--- WORK INSTRUCTIONS ---
Nothing but the lines below from the one holding "Pijama del FC Barcelona amb escut blau marí" up to and including the one holding "Konya'da internet dolandırıcılarına" should be copied, exactly and without pictures.

--- EXCERPTED RECORDS ---
------------------------

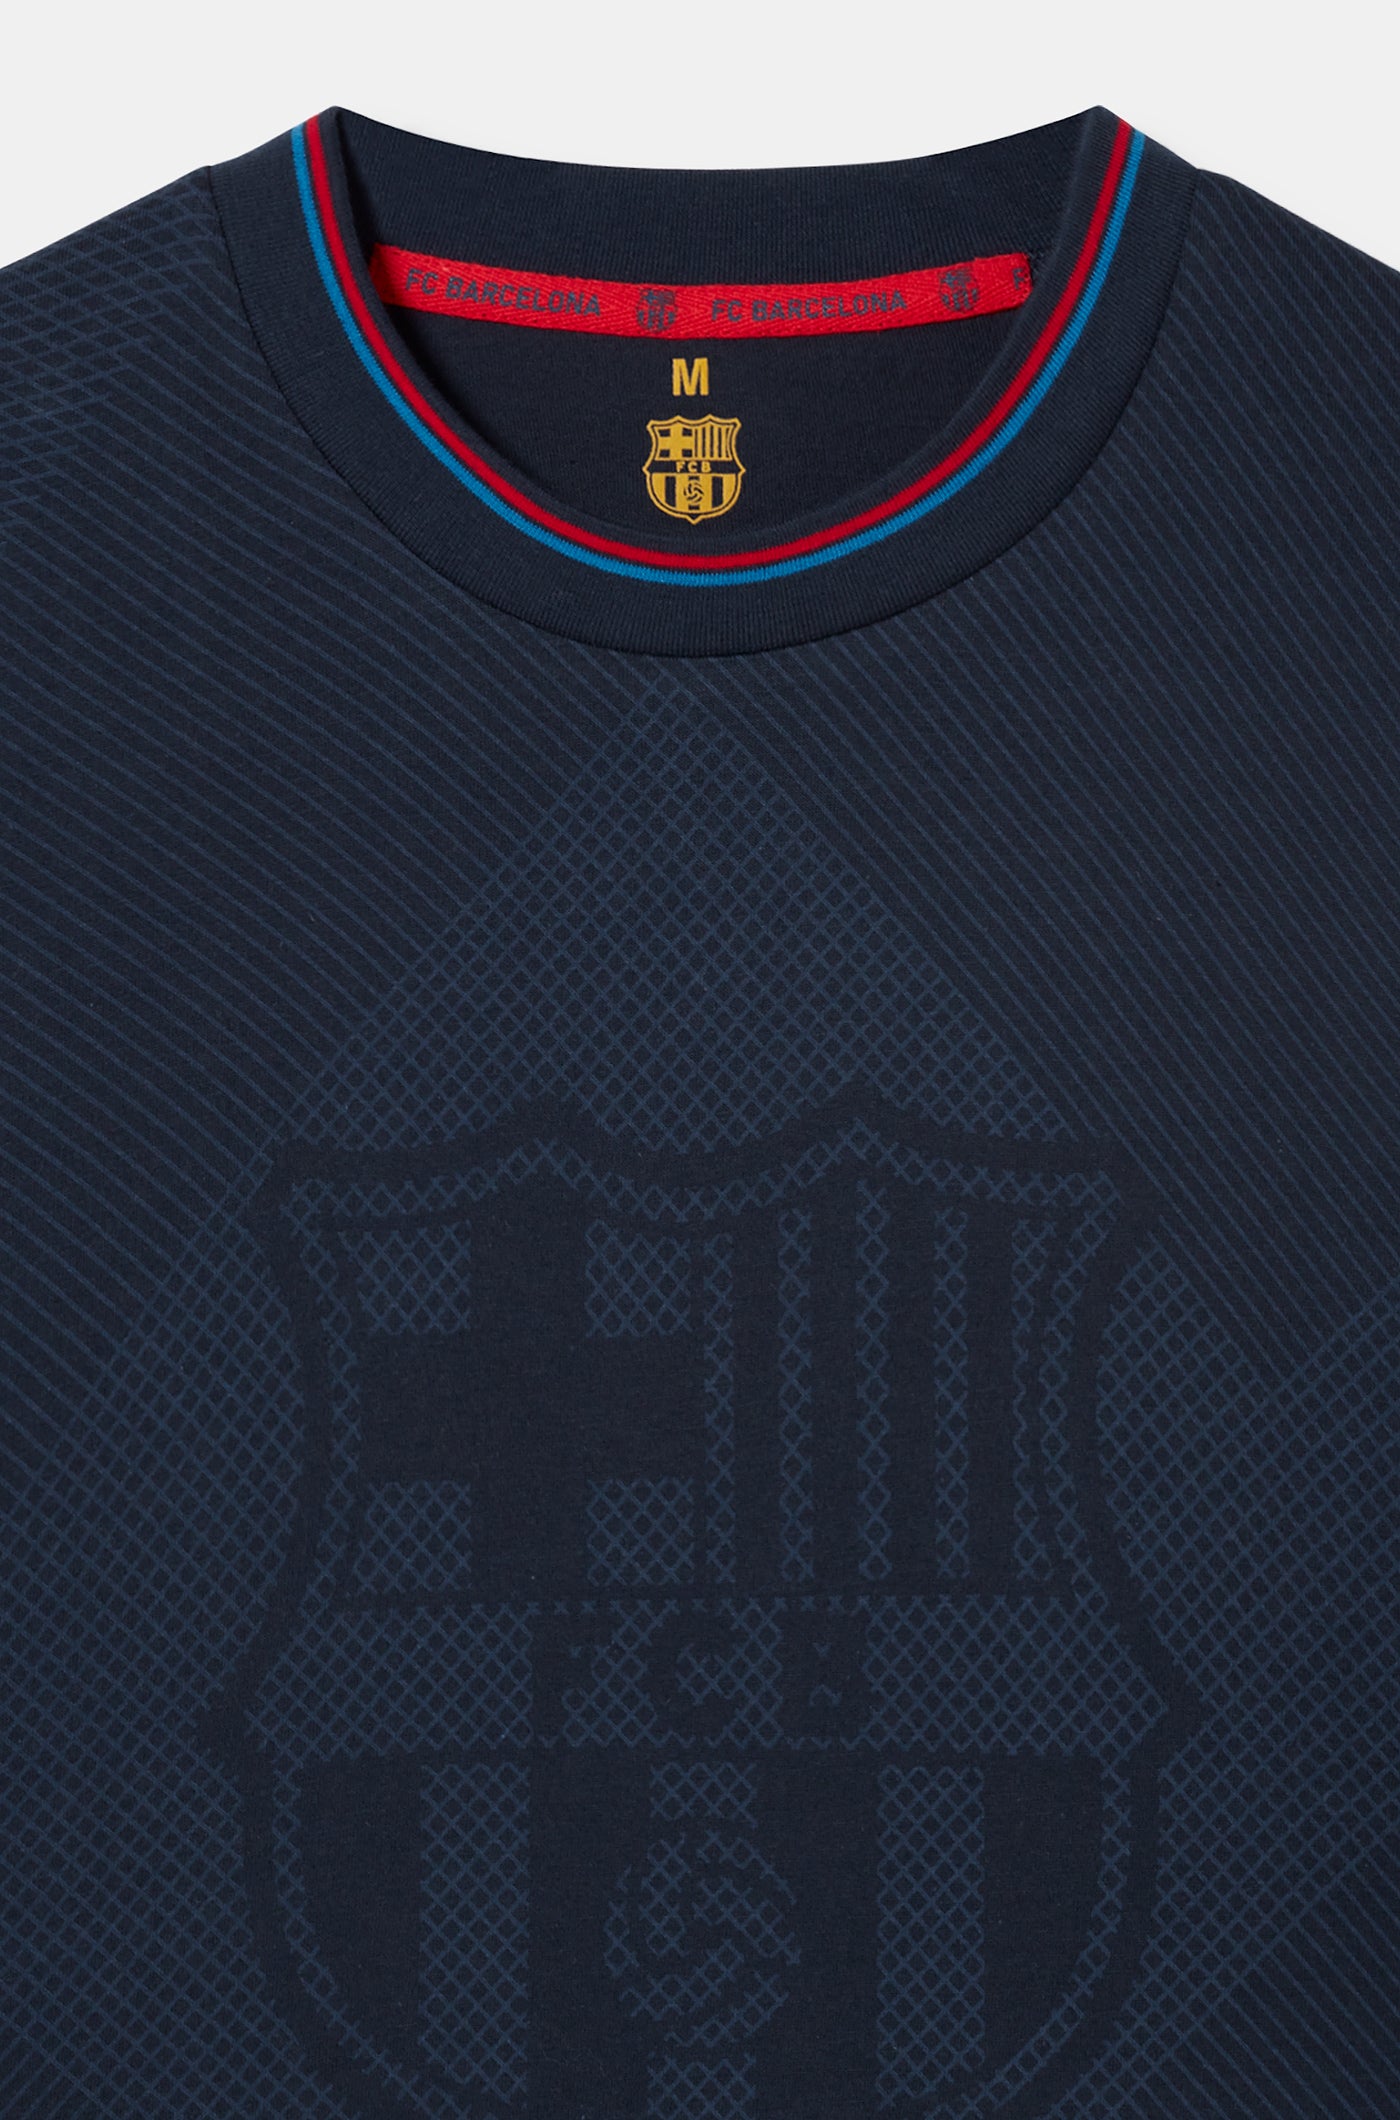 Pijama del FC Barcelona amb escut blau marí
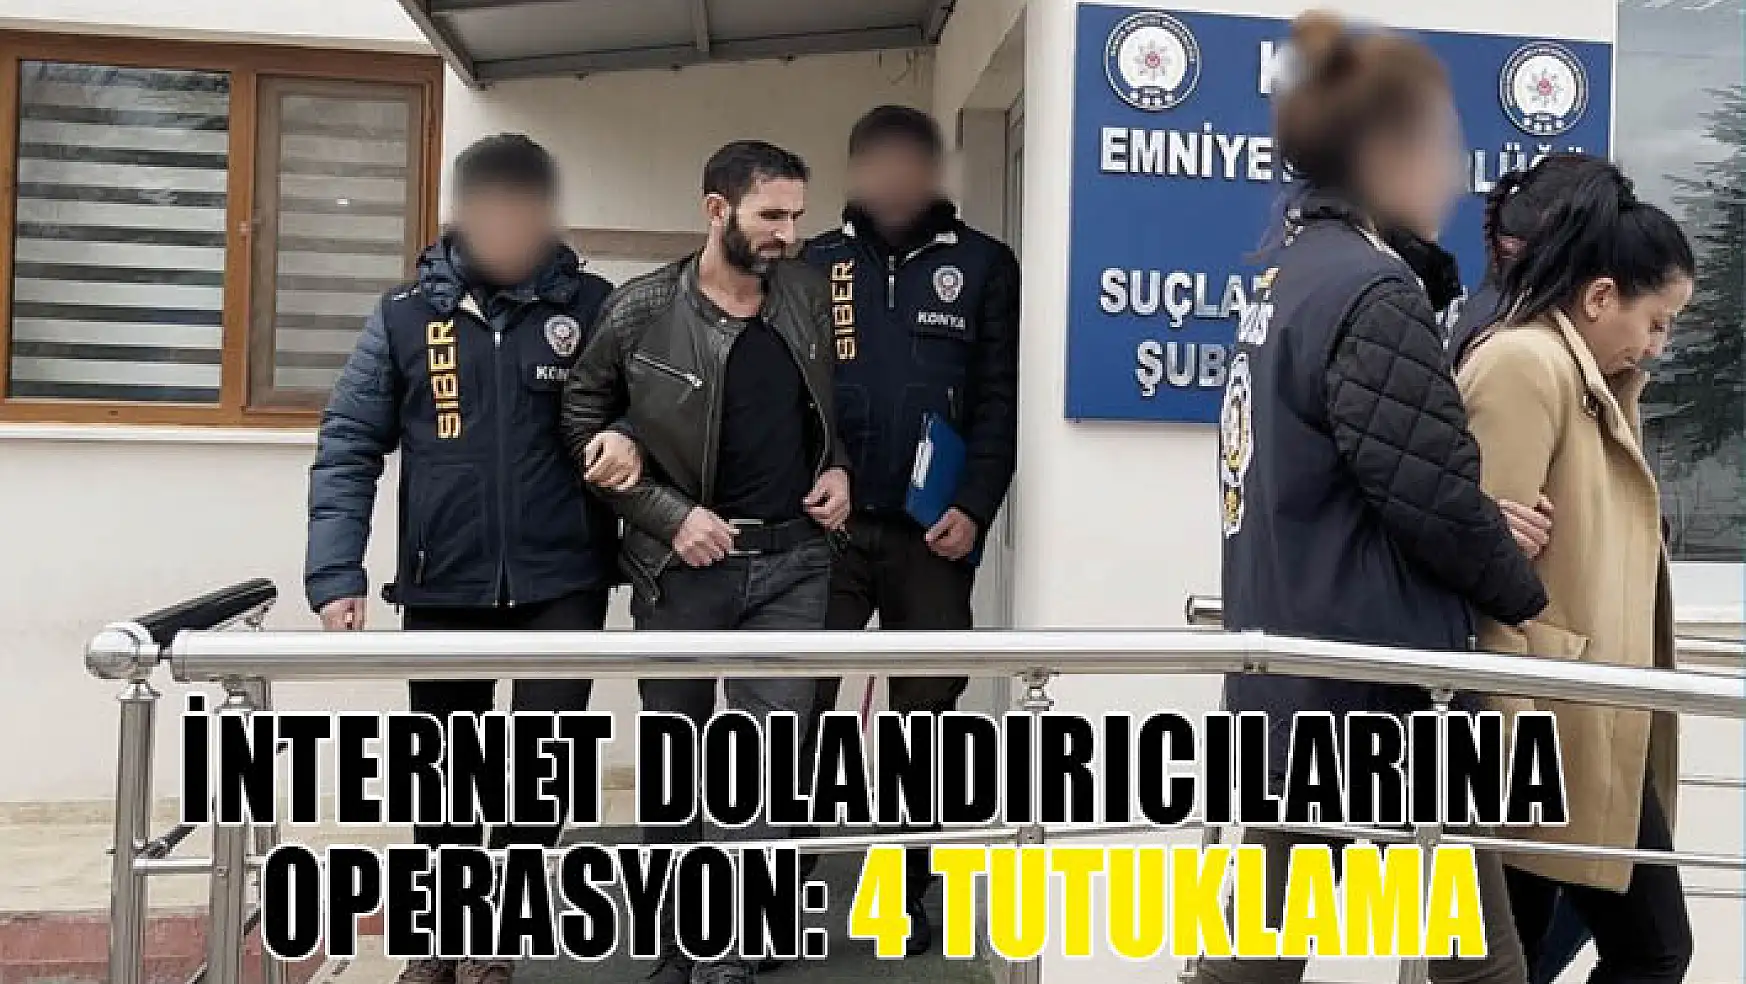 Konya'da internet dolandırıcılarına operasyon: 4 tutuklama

------------------------

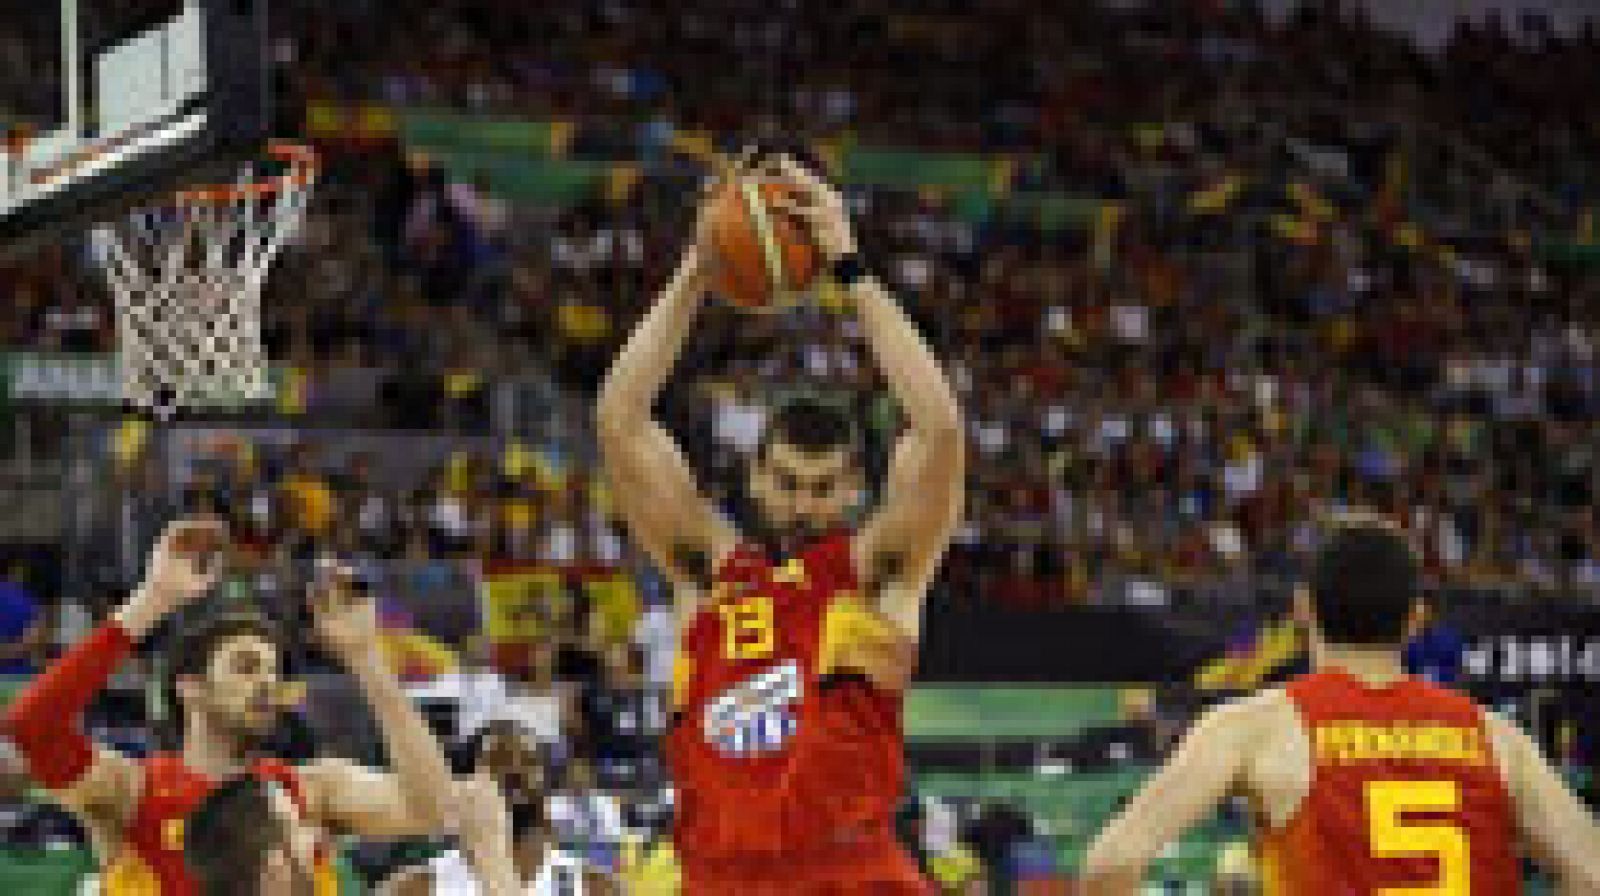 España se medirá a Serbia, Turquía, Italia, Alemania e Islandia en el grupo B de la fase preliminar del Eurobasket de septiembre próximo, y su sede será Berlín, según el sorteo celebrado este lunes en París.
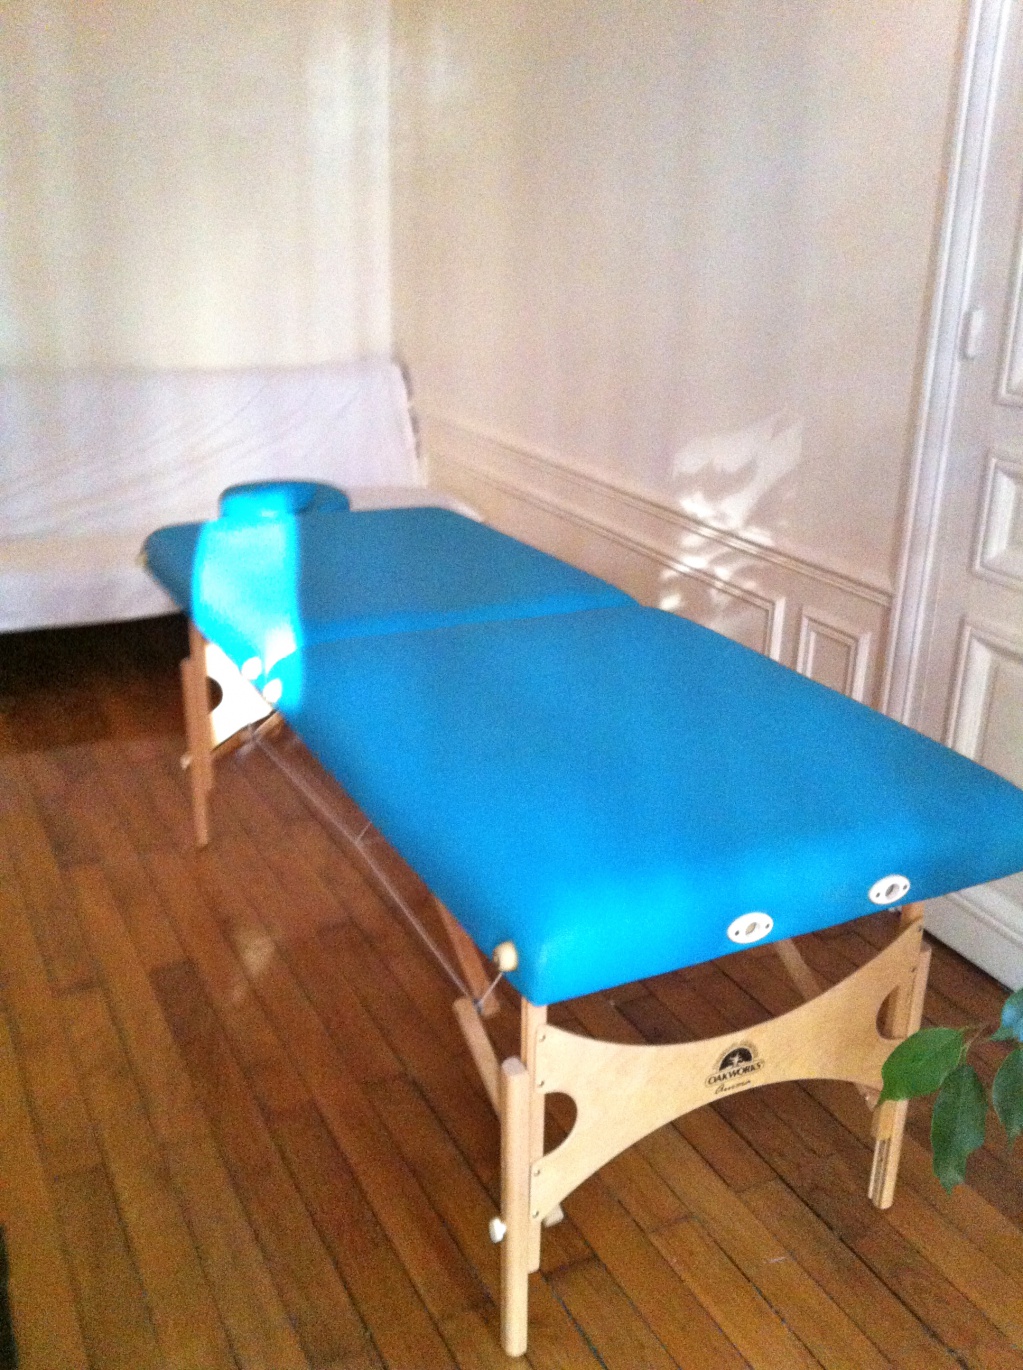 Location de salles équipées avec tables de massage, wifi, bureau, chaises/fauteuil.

------------------------

--- ANSWER SECTION ---
 Pijama del FC Barcelona amb escut blau marí
 Konya'da internet dolandırıcılarına operasyon: 4 tutuklama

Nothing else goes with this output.